WARNING: this is a collection of ill thought-out ideas!

With all the talk of tags and folksonomies, I've started wondering whether it might be possible to pull a similar trick with structured metadata - i.e. reducing the precision and accuracy of the metadata in return for increasing the simplicity of metadata creation.

I suspect this idea would cause more problems than it would solve, but exploring it is interesting. For example, you could use the same s,p,o triples model as RDF, but with words(tags) instead of URIs.

E.g.

phildawes isa person phildawes age 29 phildawes worksfor drkw phildawes fullname "Phil Dawes" phildawes plays frenchhorn frenchhorn isa musicalinstrument etc..

Of course we'd have to capture and rely a lot more on context information for ultimately differentiating between two different 'phildawes''s etc.., but the payoff for this increased ambiguity would be simpler creation of metadata and potentually a lot more of it.

At work our most important rdf usecase is having an aggregated store of linked data that can be text-searched and navigated. Since the results are always parsed by humans, this tag approach would probably work quite well here.

<20 minutes later>

Ok, I've refined the idea a bit. Instead of a single tag for each resource, we could use a collection of tags to disambiguate it a bit. The collection of tags could be in brackets or something:

(d156126 dell desktop pc) price (749.99 uk pounds) d156126 isa (desktoppc pc personalcomputer) d156126 ram (512 megabytes) d156126 harddrive (40 gigabytes)

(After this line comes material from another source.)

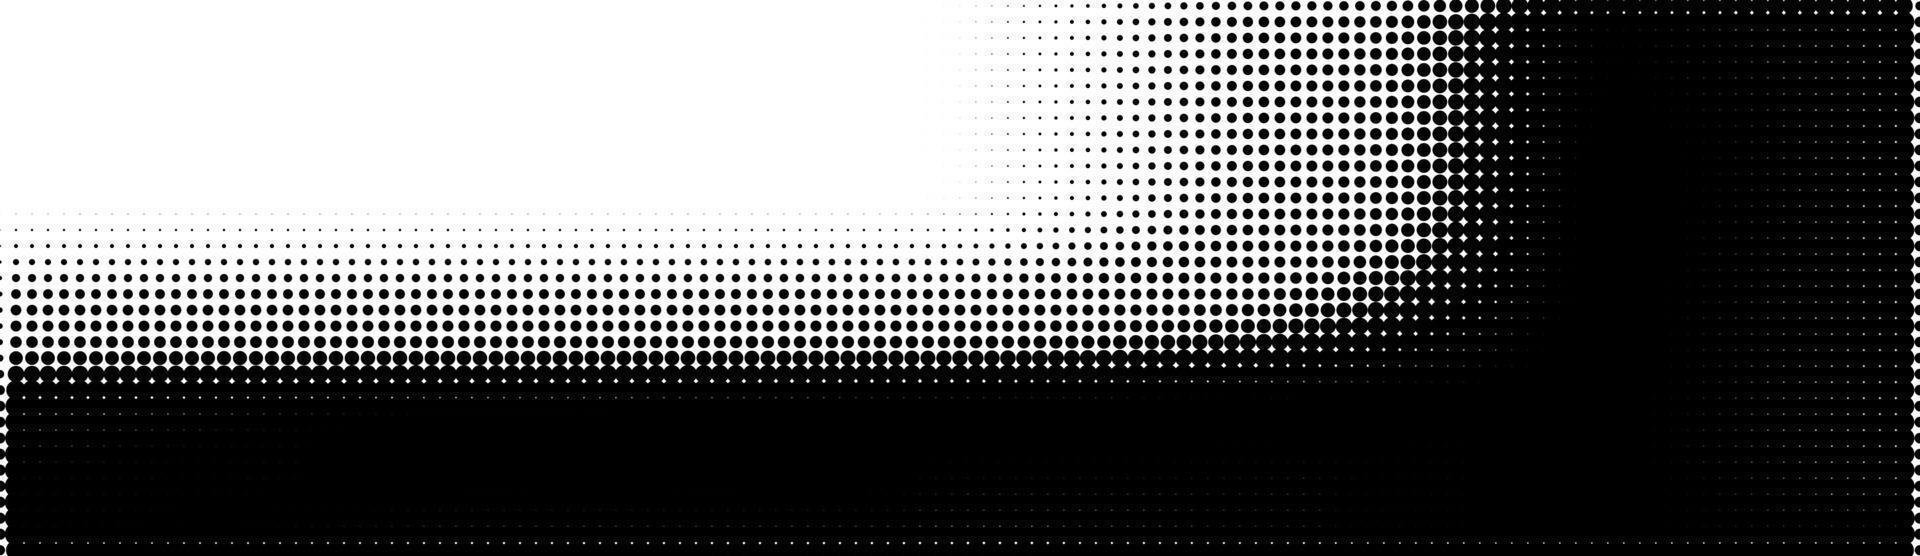 meio-tom em estilo abstrato. textura de vetor geométrico banner retro. impressão moderna. fundo branco e preto. efeito de luz

(The convention in the above is that the first tag in the brackets is the one you will use to identify the resource in other statements.)

I suppose you could use a pattern-matching query language similar to sparql to search through the metadata, albeit with a lot less precision. Maybe

select ?a where ?a isa desktoppc ?a price ?b ?a ram ?c AND ?c < 900 AND pound in ?c

(assuming some stemming for pound)

Hmmmm... Reducing the accuracy of the results would probably allow for a lot looser query syntax. I suppose if you take this to its natural conclusion you get a text search, but this is obviously a little more structured than that.

It's difficult for me to tell if this is worth persuing further or not. Will sleep on it and think more tomorrow.